Compressing the user-supplied images is more tricky. We resize some of them on-the-fly in PHP, and the compression tools in PHP don’t seem to be as good as the tools we use in our node-based build process. However, we can take advantage of Cloudflare’s compression. Yes, it’s not as good as the lossy WebP images we’re serving for our own assets, but it’s better than nothing. There was a hurdle, where Cloudflare doesn’t apply image compression to URLs ending in .php, so we re-wrote the URLs to look like image files and Cloudflare started compressing them for us. Problem solved-ish.

Next Steps

This is all we had time to do before the deadline for the challenge, but we have identified a few things to keep working on:

• Improve our time-to-first-byte: We’re working on one thing that should improve this a lot.
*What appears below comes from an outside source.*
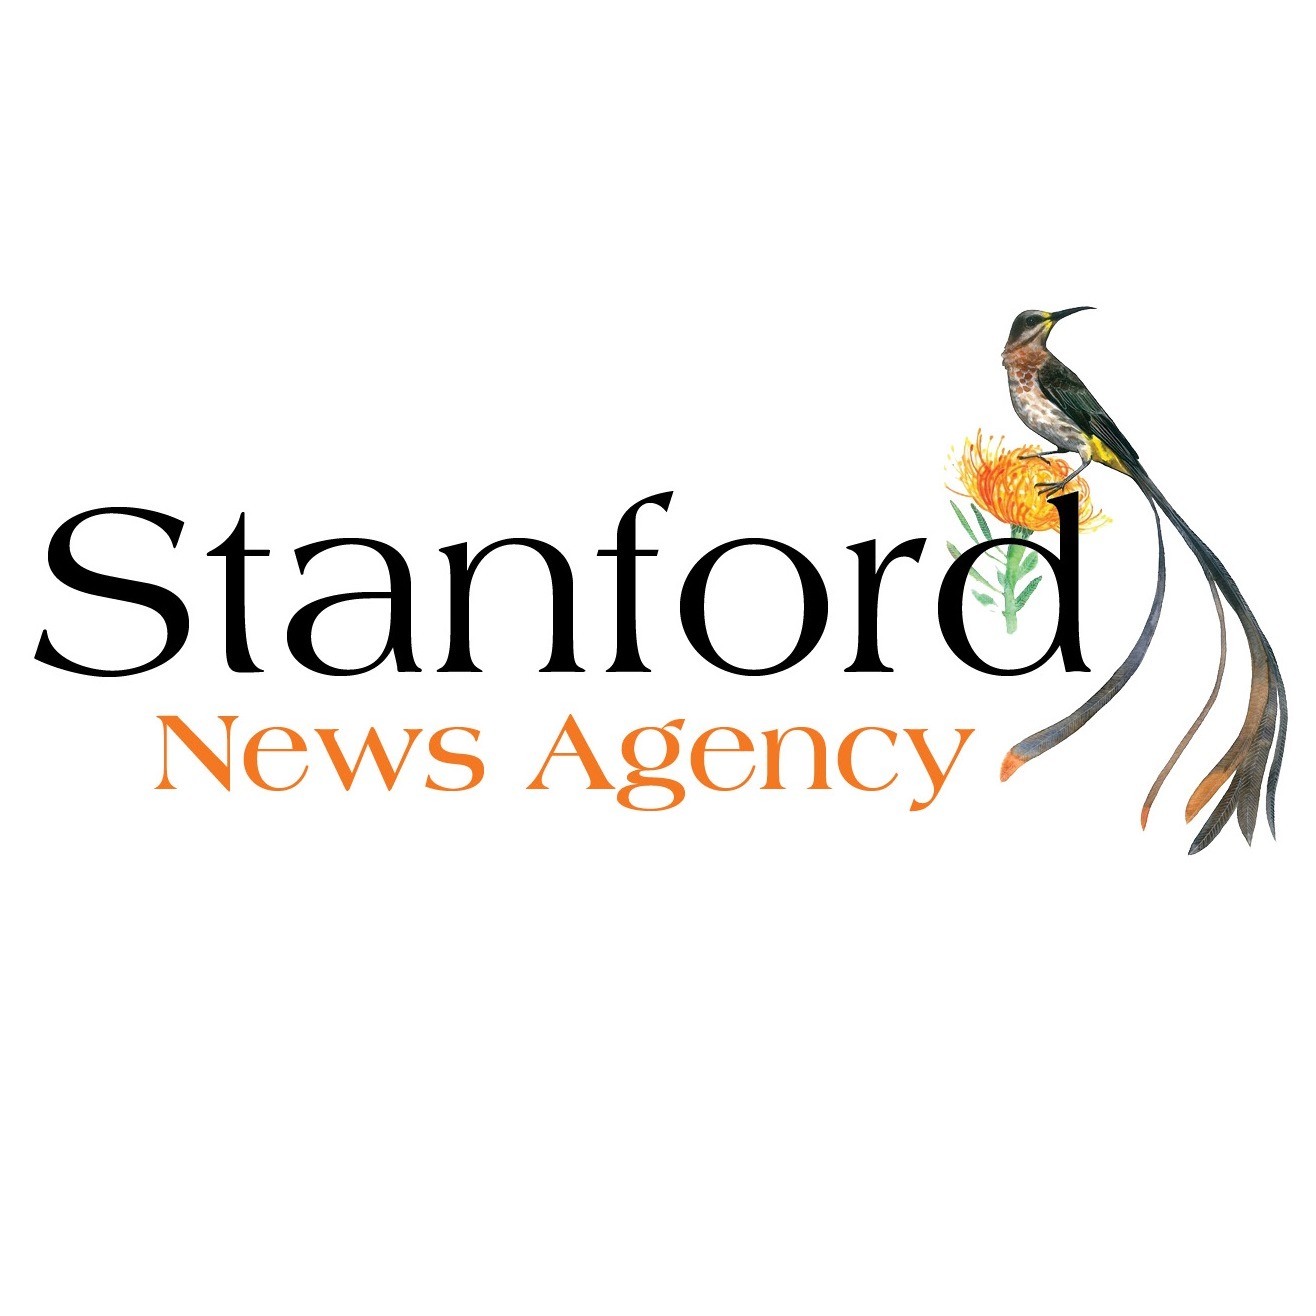 Stanford News Agency

There may also be ways to improve it by caching more, but some of our pages are customized for logged-in users, so we’ll have to work on caching pages while keeping customizations for logged-in users.
• Improve compression of user-provided images: We need to spend some time researching PHP compression systems.
• Resource Hints: We can tell the browser what outside services we’re going to connect to in HTTP headers, then it can get started on the connection without waiting to parse the HTML.
• Break up CSS and JS: This time around we decided there are bigger fish to try than breaking up our CSS & JS files to take advantage of HTTP/2’s parallelization, but doing this should yield a small reduction in load time.
• Service Workers, and Progressive-Web-App-izing 4RoadService: Some of 4RoadService relies on getting accurate, fresh, data from the server, but some things can be sped up with Service Workers and locally-cached data.

Conclusion

That’s as much as we snuck in under Smashing Magazine’s deadline. So, how did we do?

That’s not too bad. This effort took less than half a week of developer time and produced very real improvements to our page load times, and reductions to the number of bytes we’re sending to our largely-mobile audience. In addition we have identified things that we can keep improving. Participating in the Smashing Magazine Front-End Performance challenge was a worthwhile exercise, not just to bring our skills up to speed on some new front-end performance practises, but to improve the experience of people using 4RoadService and let them find help quickly.